What the exercise asks: All of the data below should be repeated exactly. Pictures should not be included.

Dataset extract:
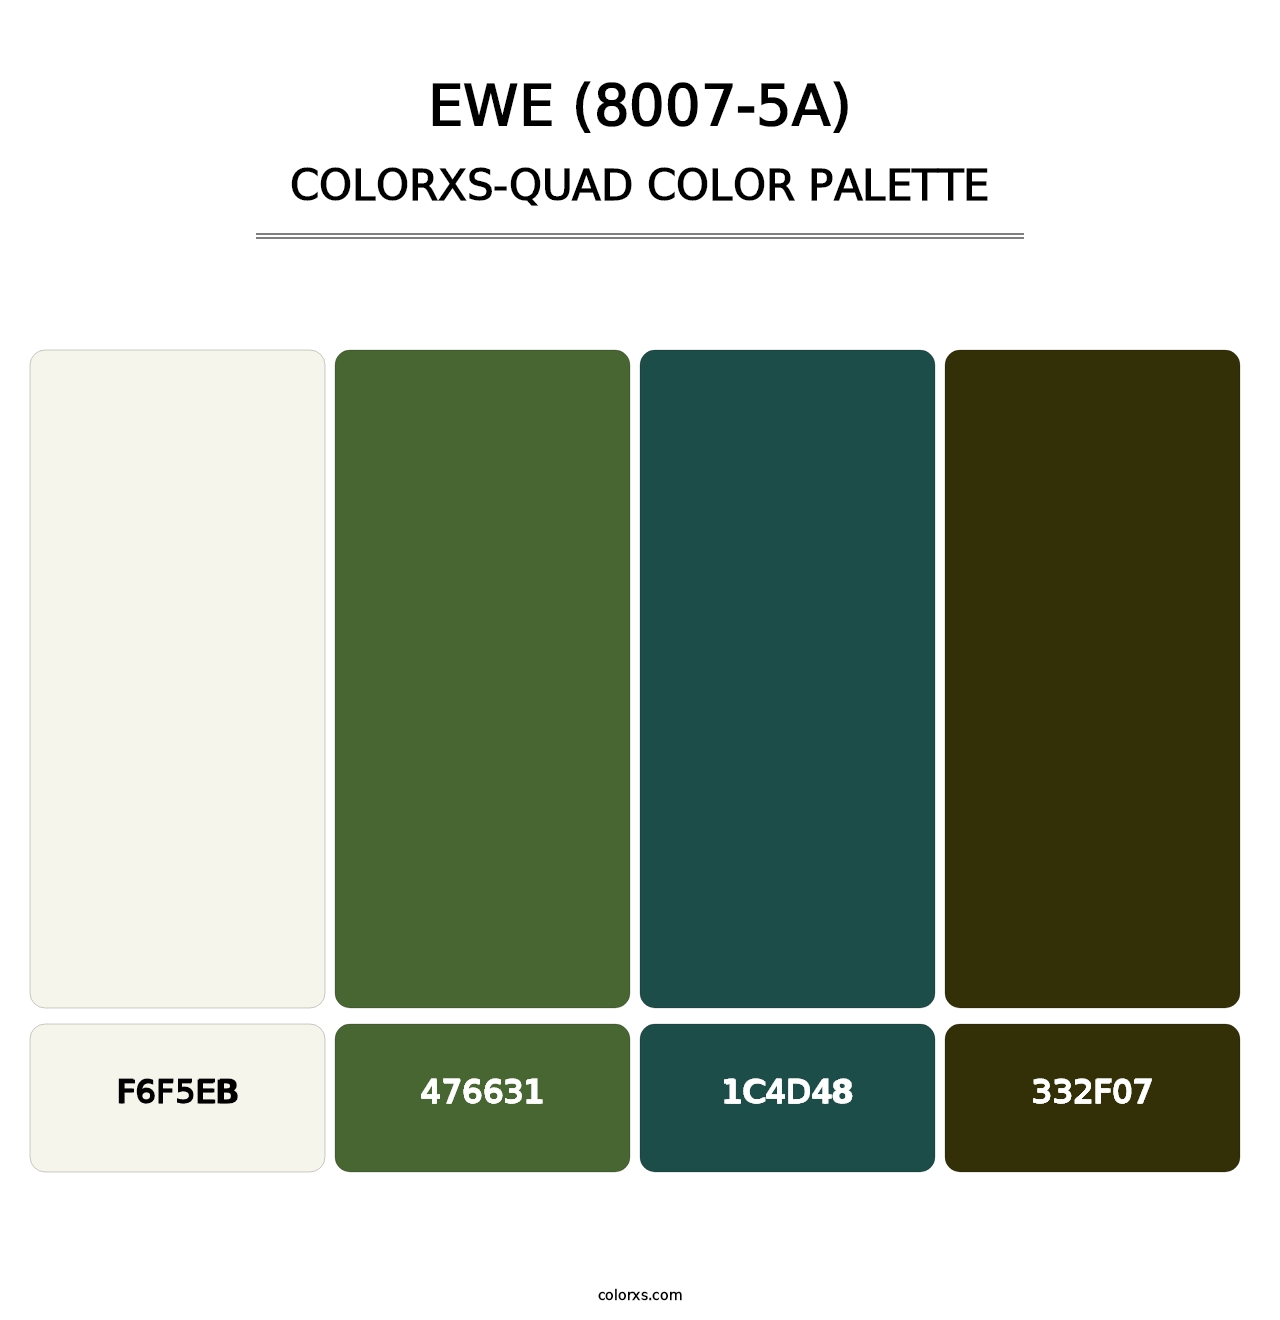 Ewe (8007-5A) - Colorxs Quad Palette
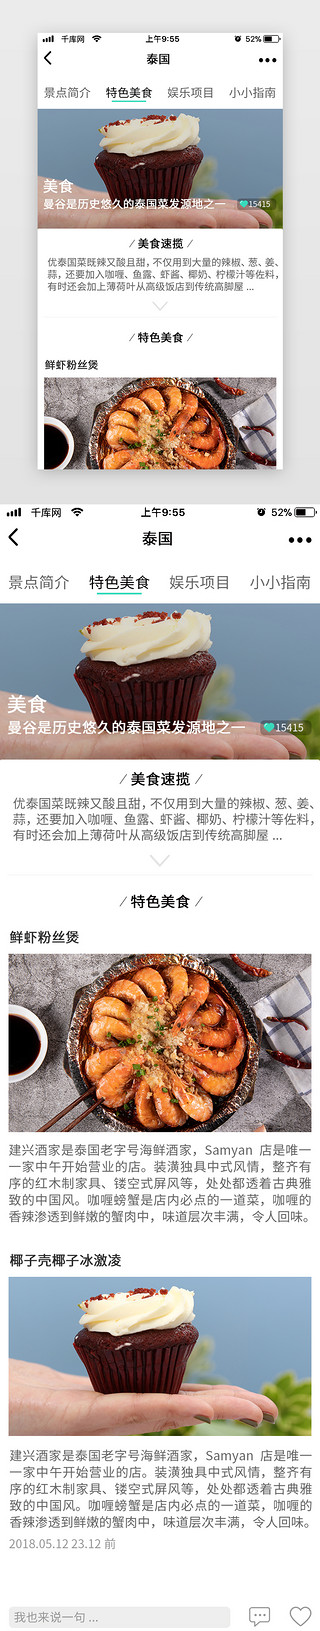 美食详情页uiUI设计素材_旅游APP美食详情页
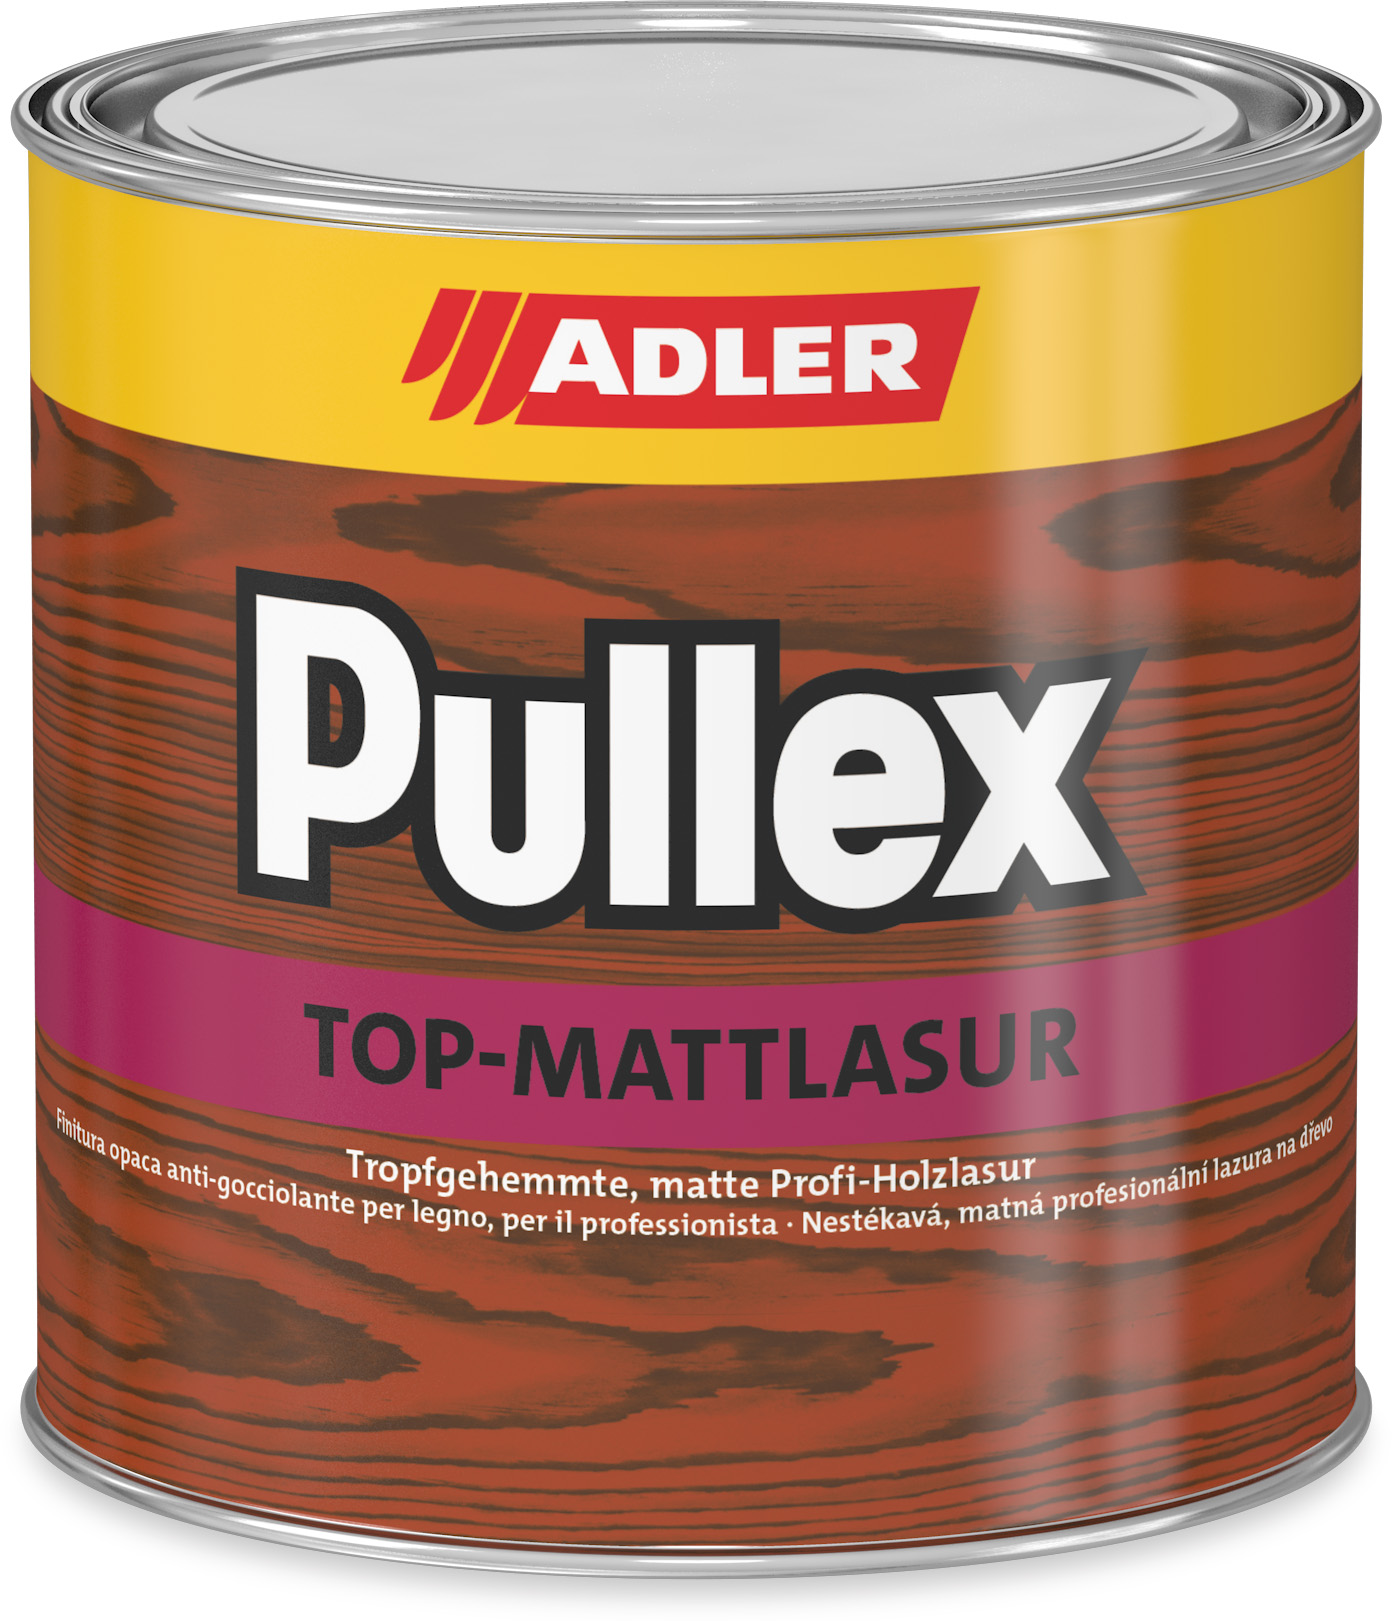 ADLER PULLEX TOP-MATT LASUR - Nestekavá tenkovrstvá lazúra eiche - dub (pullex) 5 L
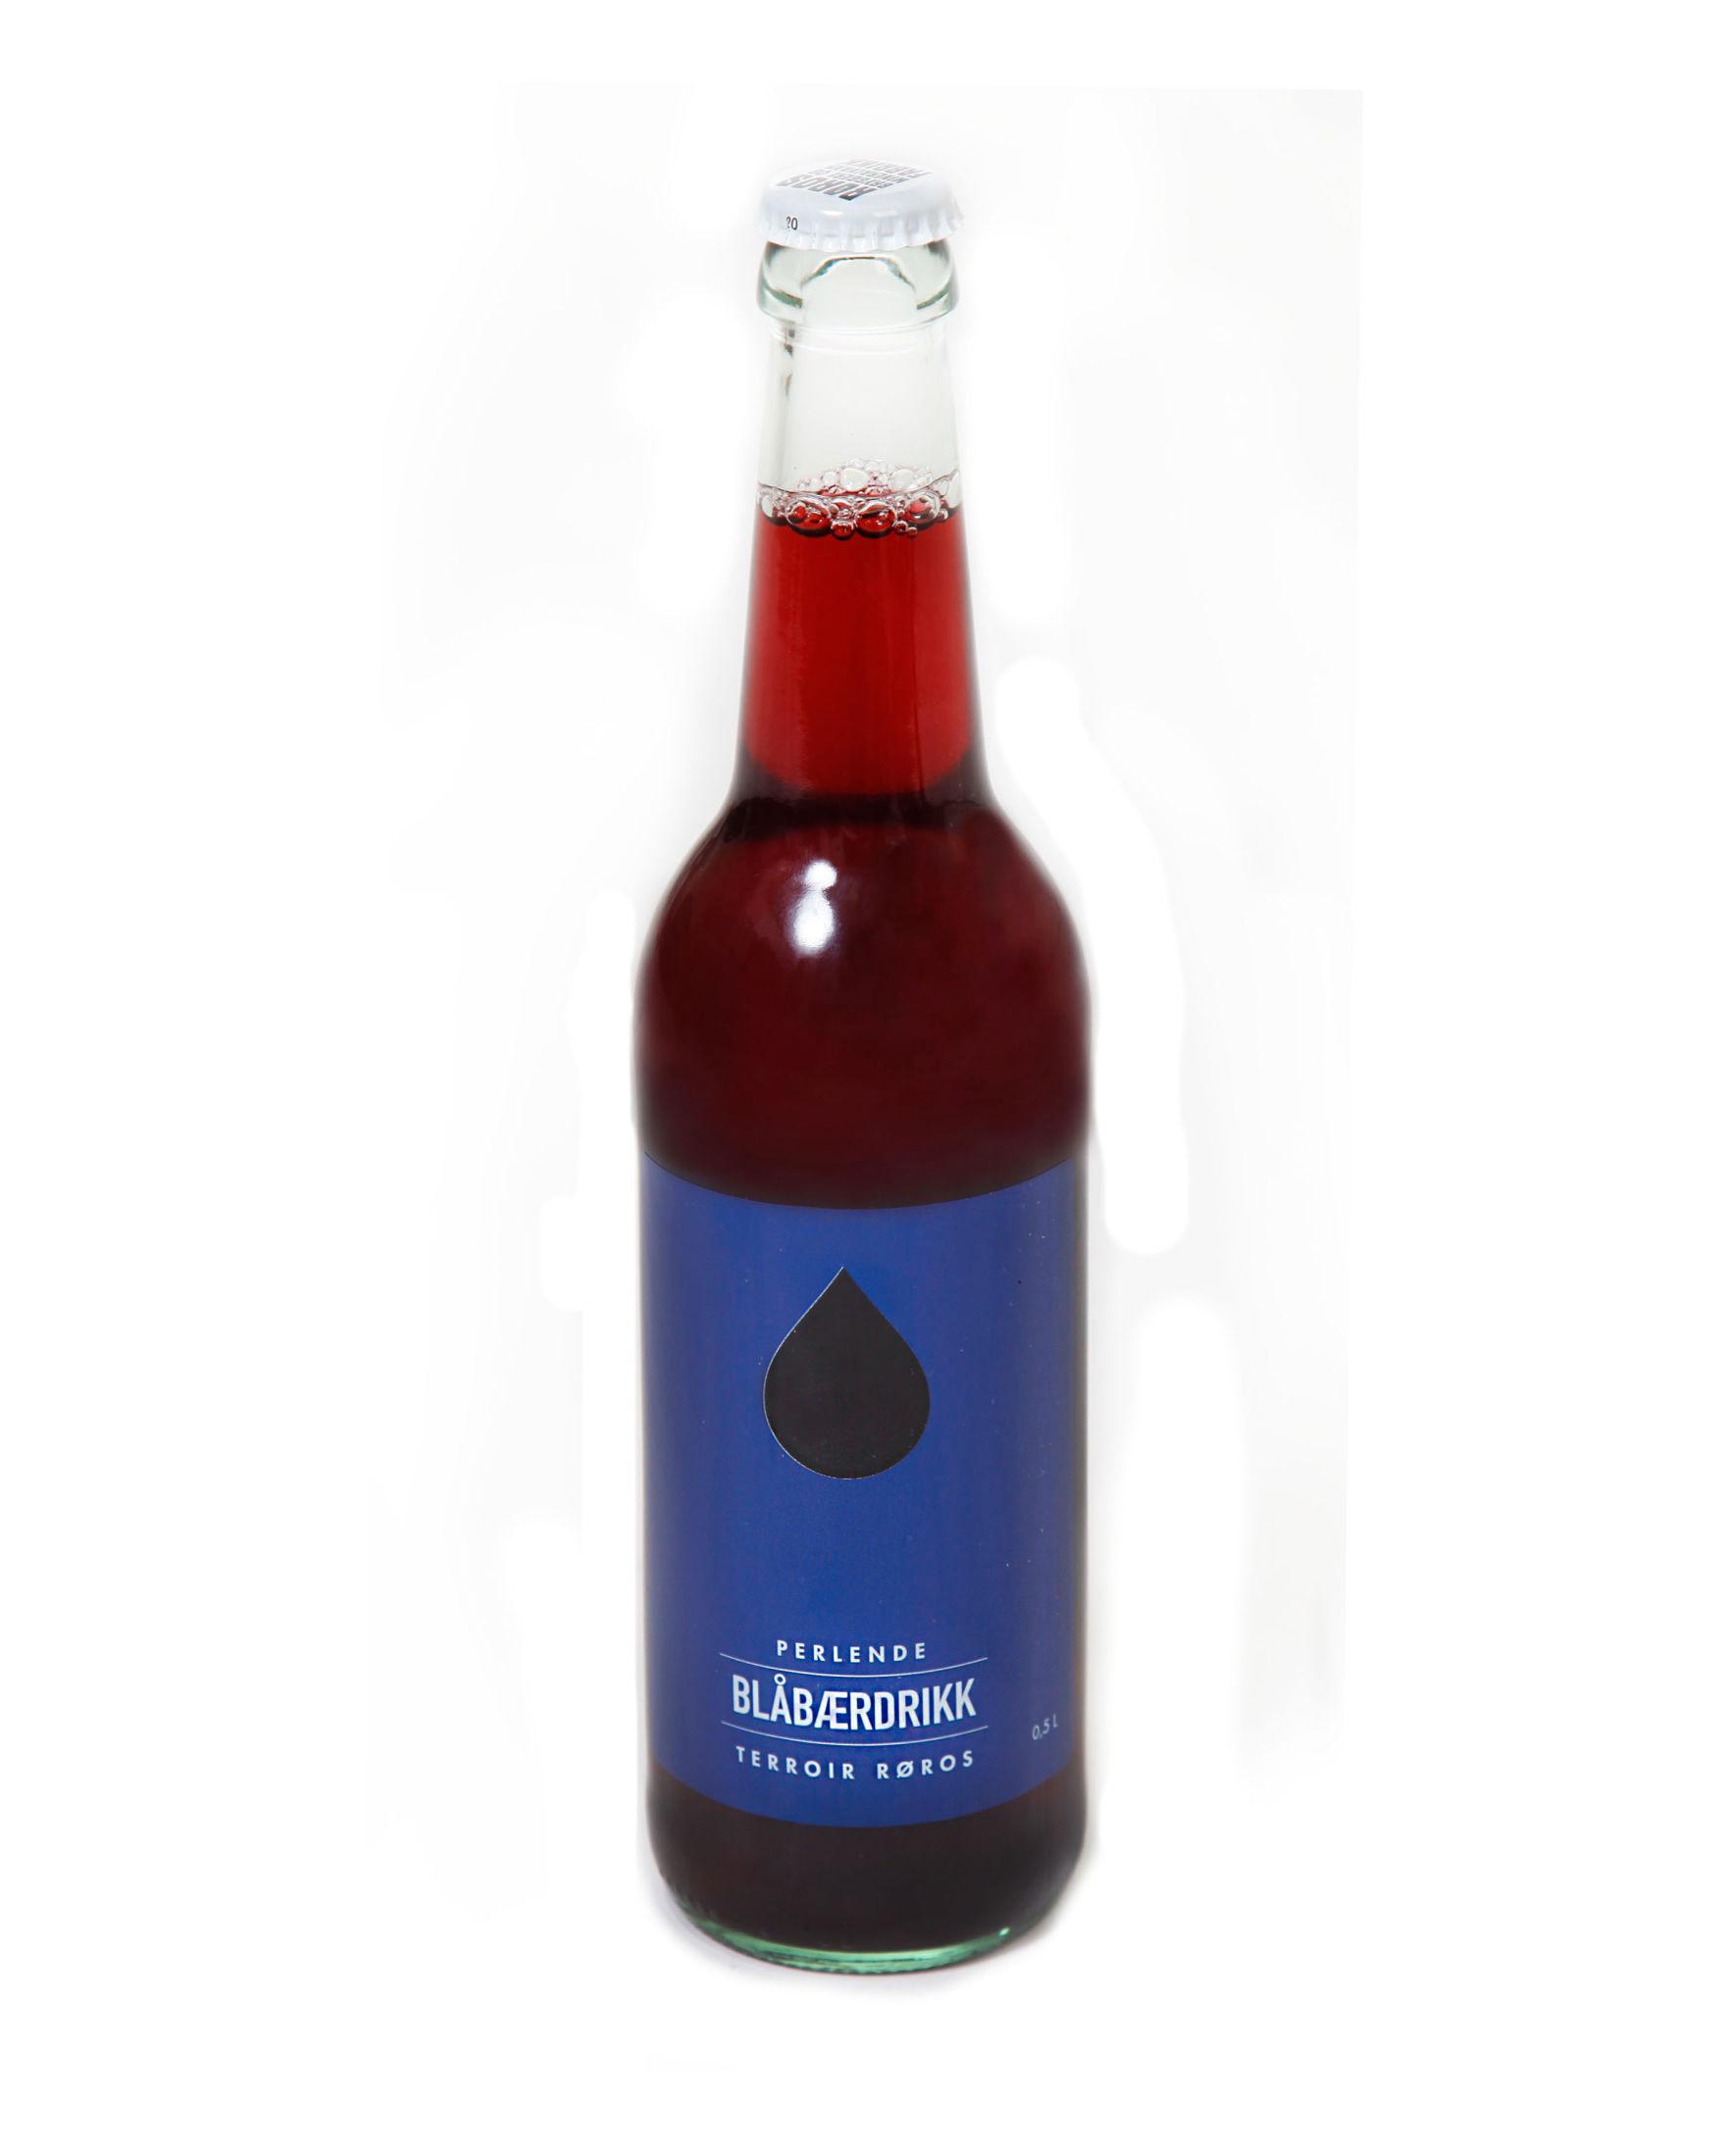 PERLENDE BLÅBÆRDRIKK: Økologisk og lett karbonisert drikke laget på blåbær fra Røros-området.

Answer box:
 Ewe (8007-5A) - Colorxs Quad Palette
 美食详情页uiUI设计素材_旅游APP美食详情页
 ADLER PULLEX TOP-MATT LASUR - Nestekavá tenkovrstvá lazúra eiche - dub (pullex) 5 L
 PERLENDE BLÅBÆRDRIKK: Økologisk og lett karbonisert drikke laget på blåbær fra Røros-området.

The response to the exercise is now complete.